By early autumn of ‘97, with the mayoralty already as good as won, I found myself becoming concerned, in what I soon recognized to be an obsessive way, with Quinn’s chances for a presidential nomination. I felt him as President, if not in 2000 then four years later. But merely making the prediction wasn’t enough. I played with Quinn’s presidency the way a little boy plays with himself, exciting myself with the idea, manipulating pleasure for myself out of it, getting off on it.

Privately, secretly — for I felt abashed at such premature scheming; I didn’t want cold-eyed pros like Mardikian and Lombroso to know I was already enmeshed in misty masturbatory fantasies of our hero’s distant glowing future, though I suppose they must have been thinking similar thoughts themselves by then — I drew up endless lists of politicians worth cultivating in places like California and Florida and Texas, charted the dynamics of the national electoral blocs, concocted intricate schemas representing the power vortices of a national nominating convention, set up an infinity of simulated scenarios for the election itself. All this was, as I say, obsessive in nature, meaning that I returned again and again, eagerly, impatiently, unavoidably, in any free moment, to my projections and analyses.

Everyone has some controlling obsession, some fixation that becomes an armature for the construct that is his life: thus we make ourselves into stamp collectors, gardeners, skycyclists, marathon hikers, sniffers, fornicators. We all have the same kind of void within, and each of us fills that void in essentially the same way, no matter what kind of stuffing for the emptiness we choose. I mean we pick the cure we like best but we all have the same disease.
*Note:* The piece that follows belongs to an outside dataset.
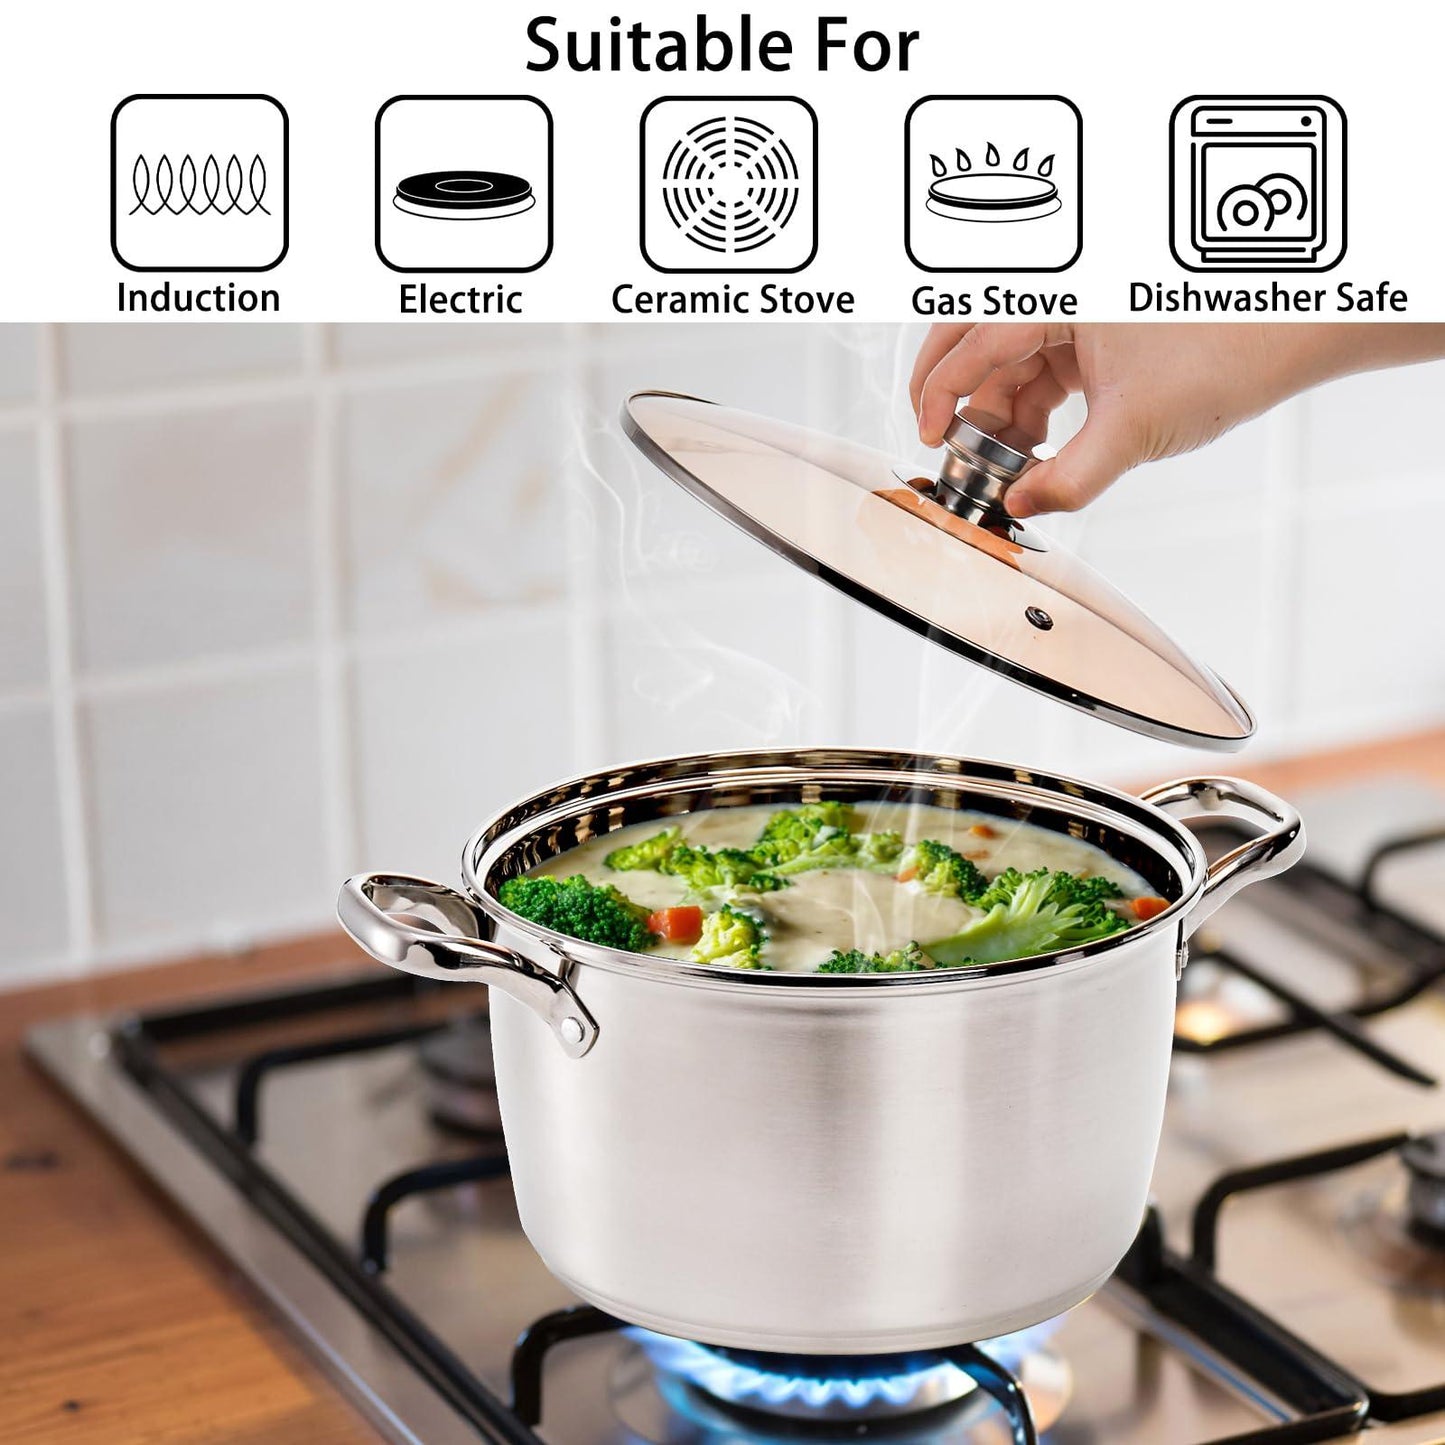 ZEAYEA Stainless Steel Stockpot, 5.8 Quart Cooking Pot with Glass Lid, Soup Pasta Pot with Double Heatproof Handles for Stew, Sauce and Reheat Food, Dishwasher Safe - CookCave

So I dreamed dreams of President Quinn. I thought he deserved the job, for one thing. Not only was he a compelling leader but he was humane, sincere, and responsive to the needs of the people. (That is, his political philosophy sounded much like mine.) But also I was finding in myself a need to involve myself in the advancement of other people’s careers — to ascend vicariously, quietly placing my stochastic skills at the service of others. There was some subterranean kick in it for me, growing out of a complex hunger for power coupled with a wish for self-effacement, a feeling that I was most invulnerable when least visible. I couldn’t become President myself; I wasn’t willing to put myself through the turbulence, the exertion, the exposure, and that fierce gratuitous loathing that the public so readily bestows on those who seek its love. But by rolling to make Paul Quinn President I could slip into the White House anyway, by the back door, without laying myself bare, without taking the real risks. There’s the root of the obsession most nakedly revealed. I meant to use Paul Quinn and let him think he was using me. I had identified myself, au fond, with him: he was, for me, my alter ego, my walking mask, my catspaw, my puppet, my front man. I wanted to rule. I wanted power. I wanted to be President, King, Emperor, Pope, Dalai Lama. Through Quinn I would get there in the only way I could. I would hold the reins of the man who held the reins. And thus I would be my own father and everybody else’s big daddy too.